Critically, the GHU enables Genoil to produce compliant fuel at a much lower cost than oil refiners, as well as alleviating the industry pressure on the industry's distillate supply challenges. This has benefits for all stakeholders within the marine fuel supply chain. For ship owners it negates the requirement to invest capital in abatement technology or switching to LNG. For fuel payers it facilitates access to cheaper, compliant products, reducing fuel bills and increasing profitability. For fuel suppliers it ensures a continual supply of compliant fuel oil, which they can provide to customers at a reduced cost, but at a higher margin than traditional distillate or low sulphur products.
The benefits also spread to ports. In a highly competitive market, port authorities can increase their attractiveness by ensuring the continuous supply of ECA-compliant, cost-effective fuel products, delivered through a state-of-the-art bunkering infrastructure. Genoil's GHU unit can be easily placed in locations including receiving terminals, pipelines and ports.
While the fixed bed reactor as the foundation of the GHU technology is not new, the shipping industry is still traditionally skeptical when it comes to innovation. The lack of the widespread uptake in clean technologies that increase operational efficiencies is evidence of this. That is why Genoil has invested significantly over the years in research and development from its 147-acre site in Alberta, Canada, delivering an abundance of test data, which verifies the viability of the product. The company has also filed over 20 patents in relation to its GHU technology, including the process for treating crude using hydrogen in a special reactor unit.
Most significantly, credibility is often measured by the company that you keep. That is why in 2015 Genoil signed a $700 million joint venture with the Chinese government refining operator, Hebej Zhongjie Petrochemical Group (HYT), marking the formal commercialisation of the company and its technology within a large-scale refinery. And more recently in April 2016, Genoil announced, in conjunction with consortium partner Beijing Petrochemical Engineering Co Ltd (BPEC), the receipt of a $5 billion Letter of Intent (LOI) for the funding of a 500,000 barrel per day (bpd) desulfurization and upgrading project located in the Middle East. Beijing Petrochemical is a division of Yanchang Petroleum, sitting at position 380 on the Fortune 500 list. This is a project that will see, following the implementation of the GHU technology, a production capacity of 500,000 barrels per day of low sulfur crude oil.

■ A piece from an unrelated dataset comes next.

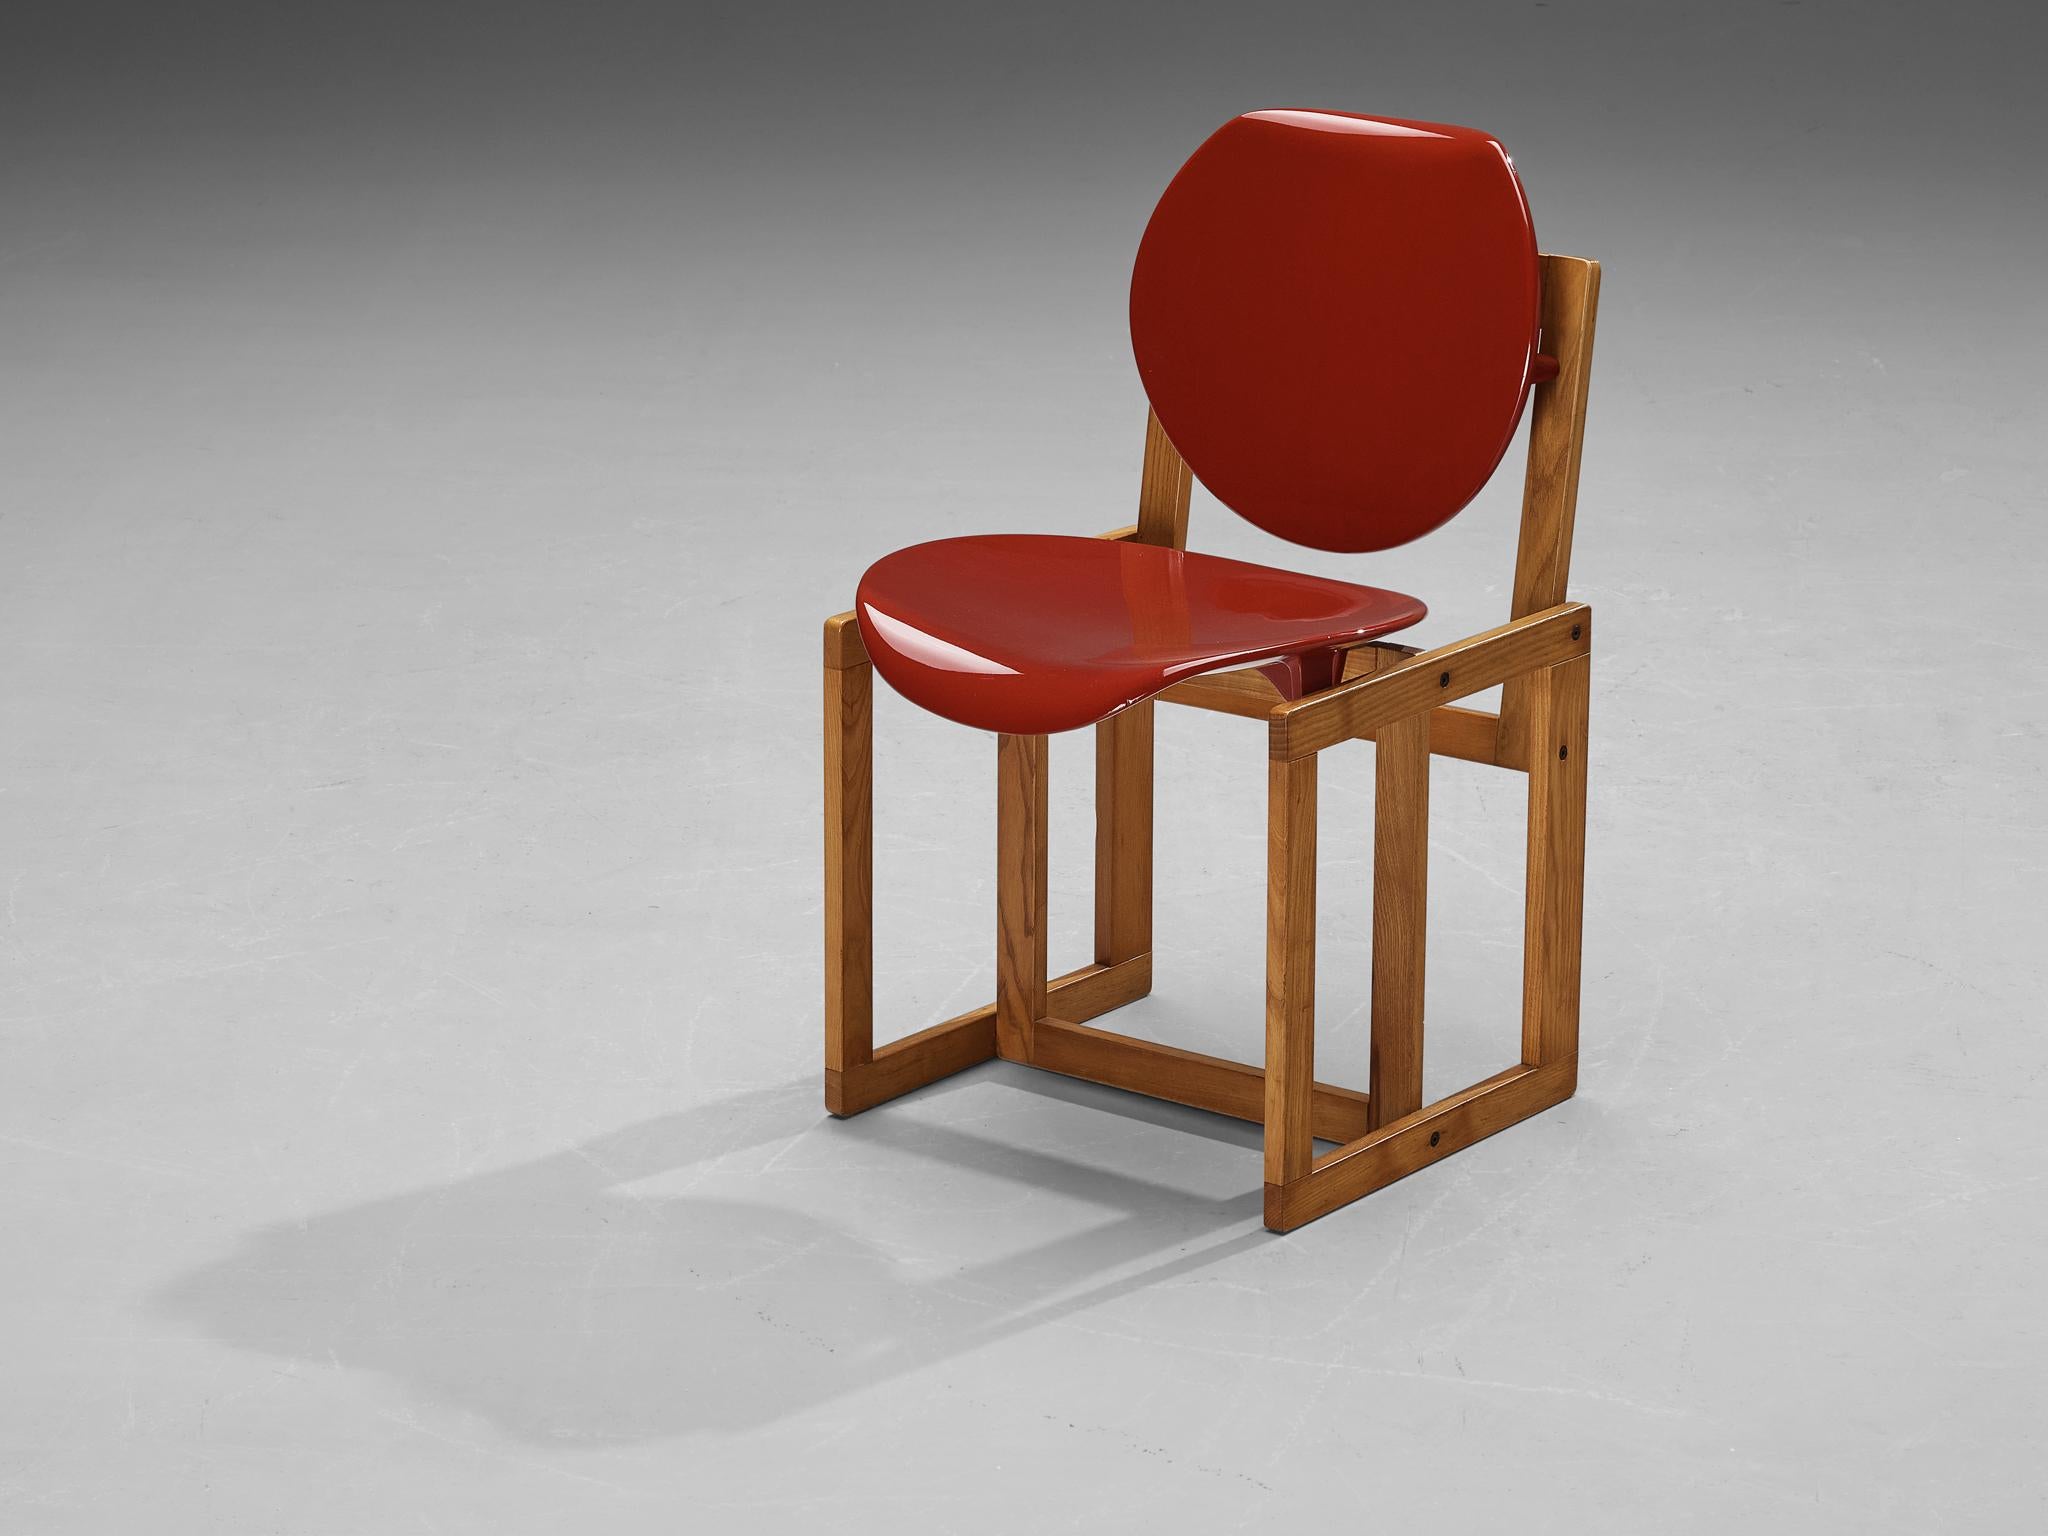 Giuseppe Davanzo for Appiani Selezione, dining chair 'Serena', ash, plastic, Italy, 1960s

This dining chair was designed by Giuseppe Davanzo in the 1960s. On an ash frame rest the round seat and backrest. The frame shows a warm tone of the ash wood

There's no doubt the global sulphur cap will present the shipping industry with challenges, and has already begun to add significant complexity to the marine fuel supply chain. If crude and distillate prices do rise, we will see a speedy reversal in the current state of apathy, and no doubt, a pre-regulatory panic, like the one which swept the industry in the build up to the 2015 ECA. The good news is that there are solutions out there that are developed, well-established and proven. Critically, plans and strategies for compliance still need to be developed in the short-term. Companies within the supply chain that achieve this will seize significant competitive advantage, and reap the rewards for years to come.